Prior to that, we tried the 26-28 area all the way out to 29-28 and marked VERY FEW fish. Ran over to the NW corner of the dump and had much better marks but couldn't get any takers high or low. Ran inside, pulled two fish and decided to call it before the rain picked up. Water temp still 57-58 degrees.
Hal


----------



## Big Papa Sports (Apr 4, 2009)

Just got a report you may want to fish in close just off the breakwall to the west. Its been blowing out of the south for weeks fish should be close. Ecnadnus sounds like he was in the right area the bite is better today.


----------



## Erieangler51 (Sep 24, 2012)

Heard fishing was good today off ruggles in 16-18 fow. Info came from my dads friend he fished the tourney with yesterday


----------



## Roto Mike (Oct 16, 2012)

I see most boats out there anchored. What are they throwing? Or are they after perch?
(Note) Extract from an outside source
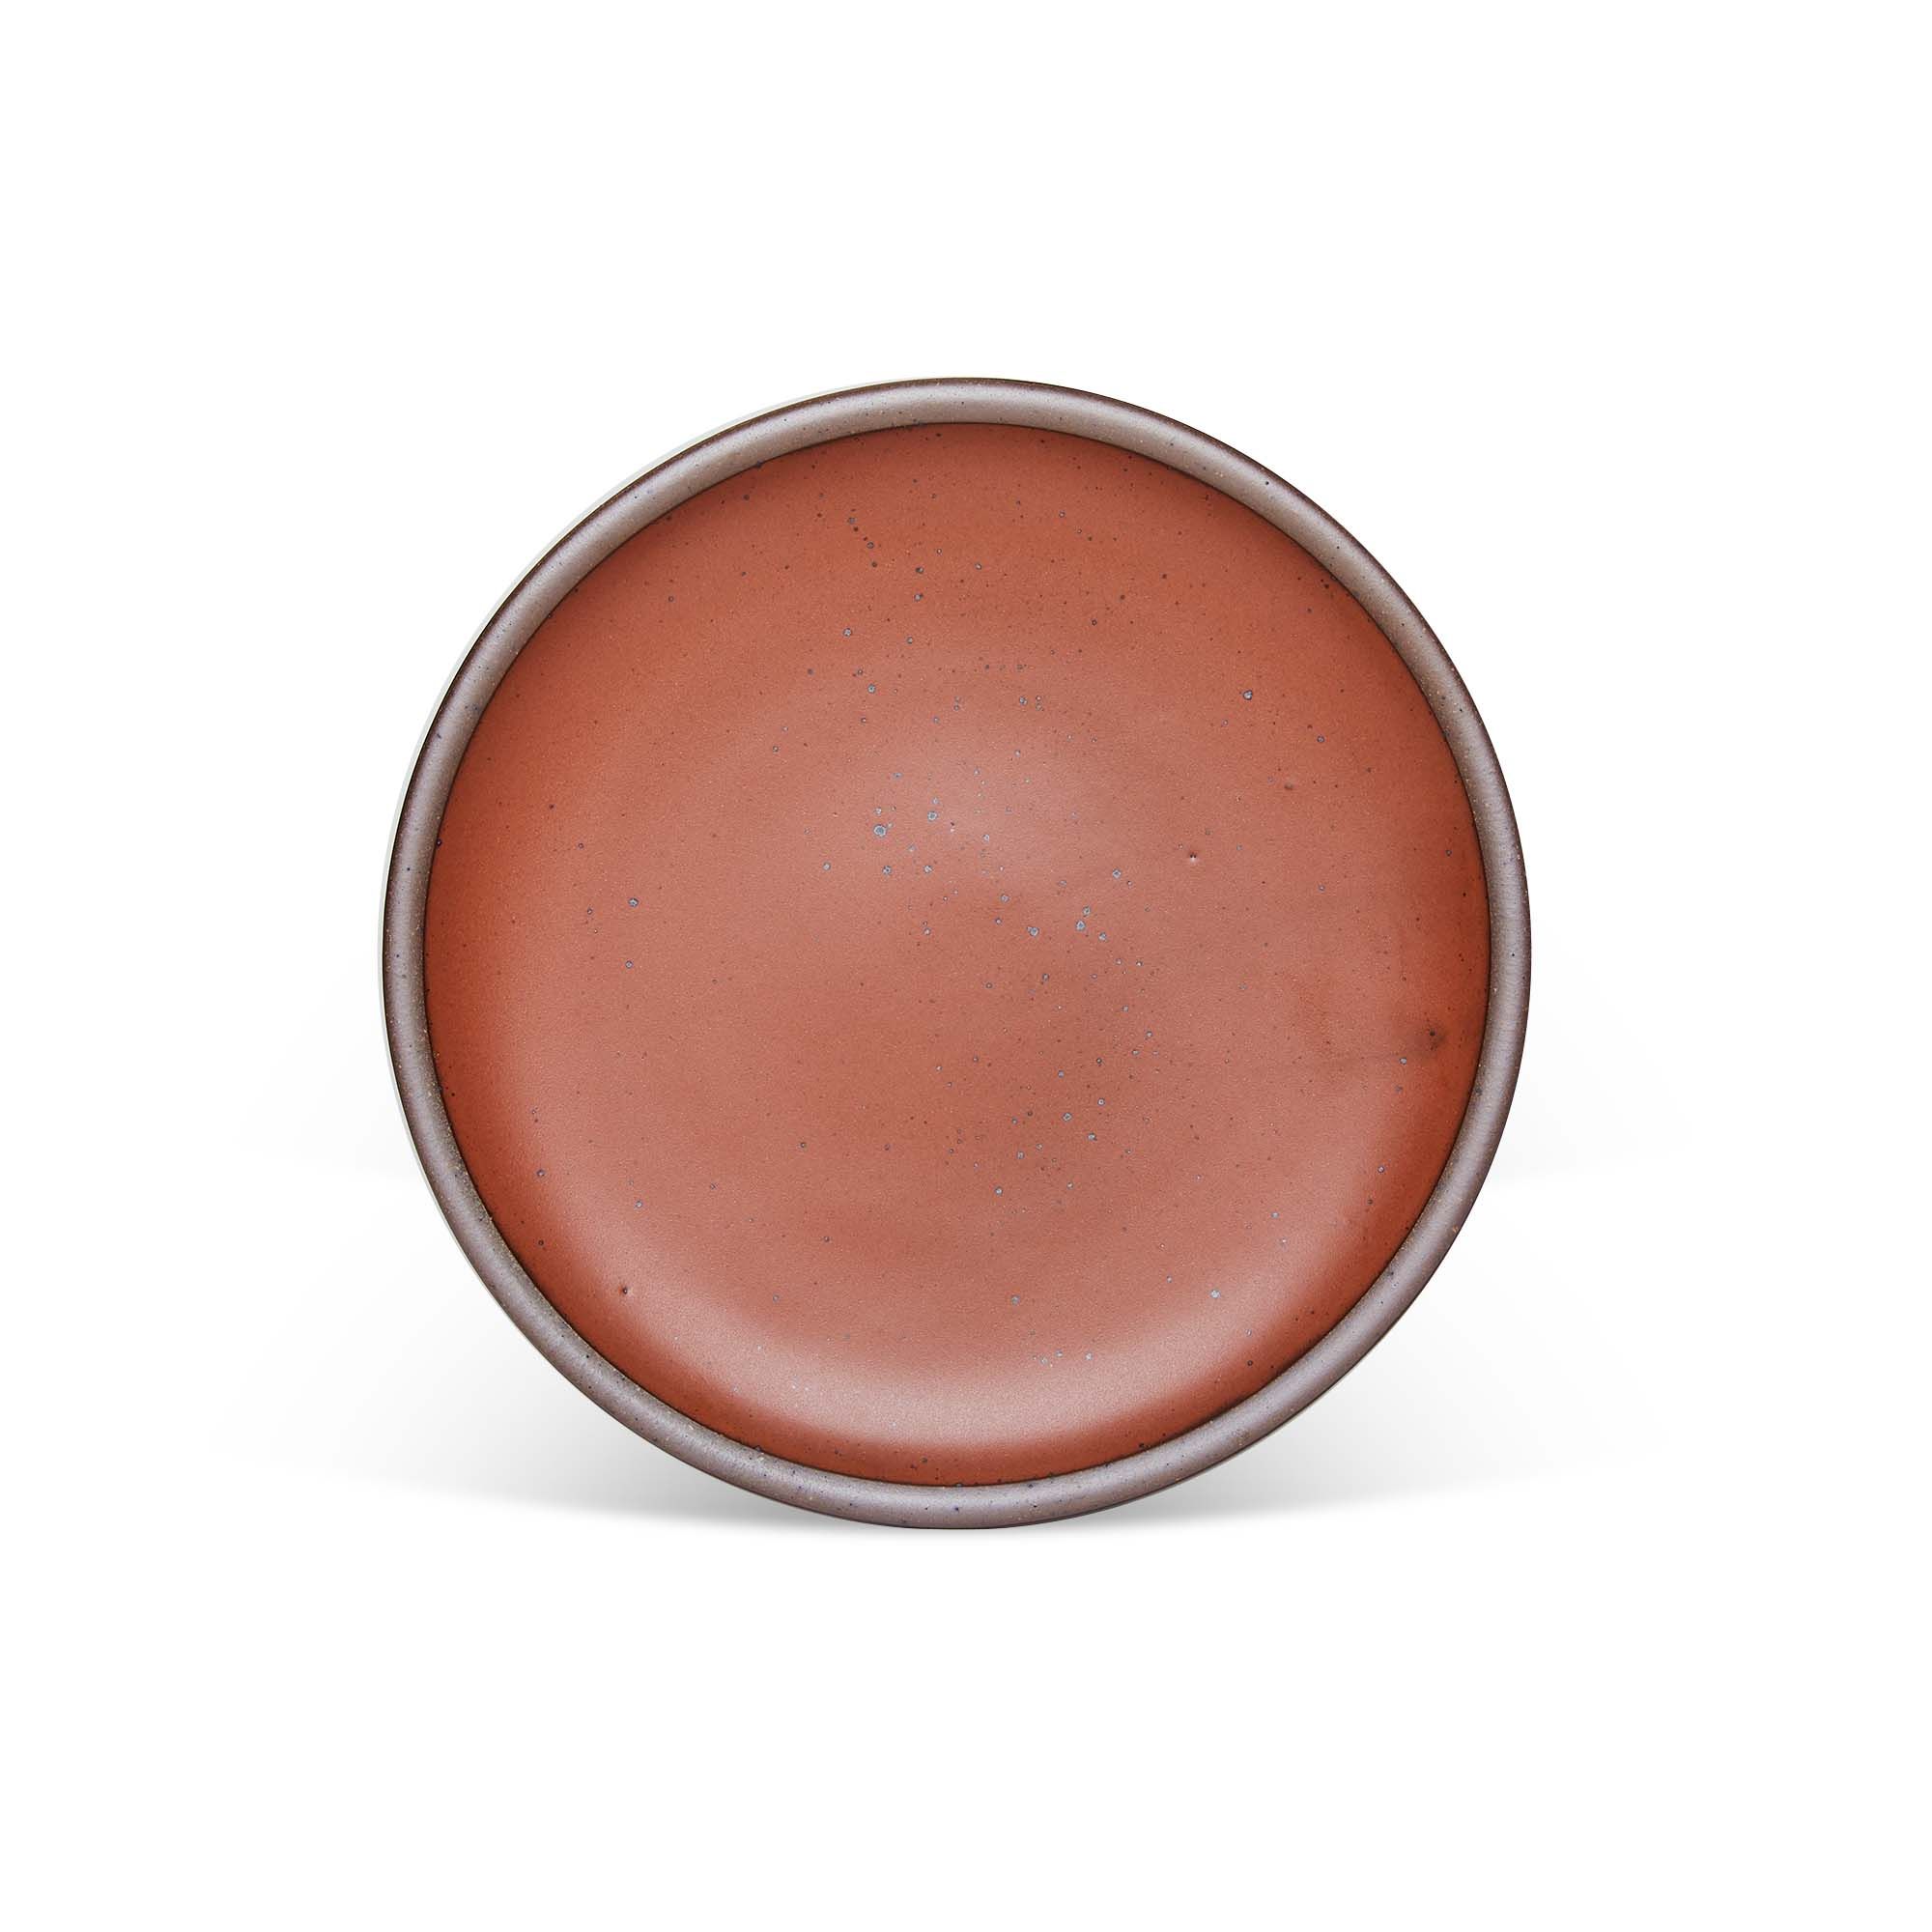 A dinner sized ceramic plate in a cool burnt terracotta color featuring iron speckles and an unglazed rim.

Outdoor Hub mobile, the outdoor information engine


----------



## carhaulerdave (Jul 23, 2008)

3-3lb crappieonmywall said:


> I see most boats out there anchored. What are they throwing? Or are they after perch?
> 
> 
> Outdoor Hub mobile, the outdoor information engine


If they are anchored, they are probably perching.


----------



## Meerkat (Aug 10, 2008)

I trolled Ruggles yesterday (10/21) for about 2 hours. No marks and no fish. Did not see anyone else with a fish either. Moved to the dump north of Huron. Did get some marks but only hooked one fish that we lost half way to the boat.
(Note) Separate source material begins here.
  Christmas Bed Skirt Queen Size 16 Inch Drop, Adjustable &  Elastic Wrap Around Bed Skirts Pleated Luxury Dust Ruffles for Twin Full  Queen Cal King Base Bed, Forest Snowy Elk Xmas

The big clump of boats north of Cranberry were perching...


----------



## Roto Mike (Oct 16, 2012)

I did the exact same thing today (10/23/12). Marked fish both places, but no takers. Ended buy going around the west side of the light house along the wall all the way to the rocks lots of fish but no bites. Anyone know what kind of fish I may have been marking along that wall? Lots of humps had hoped to pull a bass or some thing out of it...


----------



## Second Wind (Oct 5, 2009)

On Monday 10/22 fished the NW end of the dump. Pulled 5 fish. 3oz - 51 back Deep Driver (Lights Out) pulled three fish. 3oz - 51 back Harness (Anti-Freeze) pulled one fish. At the end of the day 2oz - 21 back Deep Diver (Pearl Ghost) pulled the last fish. The marks were not great but really pocketed in a small area. 


Outdoor Hub mobile, the outdoor information engine


----------



## 24hourfisherman (Mar 31, 2009)

We caught 5 on Monday pulling deep huskies 110 feet back. About a half mile offshore and about a mile west of Cranberry Creek. Fish were in a real small area and right along the bread between 18 and 20 Fow of water. Colors that worked for us were blue, chrome and orange and pink glass. a couple fish were pretty nice, around 8 lb. Hope this helps. Hated to go home after finally putting somewhat of a program together.
Scott


----------



## RidersontheSTORM (Aug 31, 2010)

My two buds and me went out today and didn't get started till 3:30. We were between the Castle and Sherod Park in 37 FOW perching. It was a slow pick and then the wind picked up and so did the fishing. The white bass were pretty active as well. We ended up with 40 very nice perch with four FO's. We were wrapping it up about 6 and as I reeled in a five pound walleye hit my perch rig. We had buried the net so I worked on wearing the fish down and then we boated this beauty. What a great day and what a great finish. I have only had that happen two maybe three times in fifty years of fishing...what a blast. Good luck as it looks like the next few days will be great. I was always told the best perch fishing of the year is during the world series and HERE WE GO!!!


----------



## Roto Mike (Oct 16, 2012)

I'm a new boat owner, and I love it. When these eyes come In must I troll or can I throw the old Erie derie? Can I cast the ref runners too and expect any fish? What about jig fishing on a drift?


If I'm not fishing, I'm thinking about fishing.


----------



## slowrollin (May 20, 2012)

yeah u can cast reef runners for wallys, i seem to catch more trolling but think its more fun to cast for em sometimes just to feel em smack that lure and ive caught walleye and bass near the west side of the huron pier. so that could have been what u were marking over there


----------



## Roto Mike (Oct 16, 2012)

This lake is making me feel like an inept fisherman. On an inland lake I can make things happen with the fish finder, usually, ha. On the lake so many marks and can't seem to close the deal. Been backing down sensitivity on the finder thinking I'm marking fish that are not there. 


If I'm not fishing, I'm thinking about fishing.


----------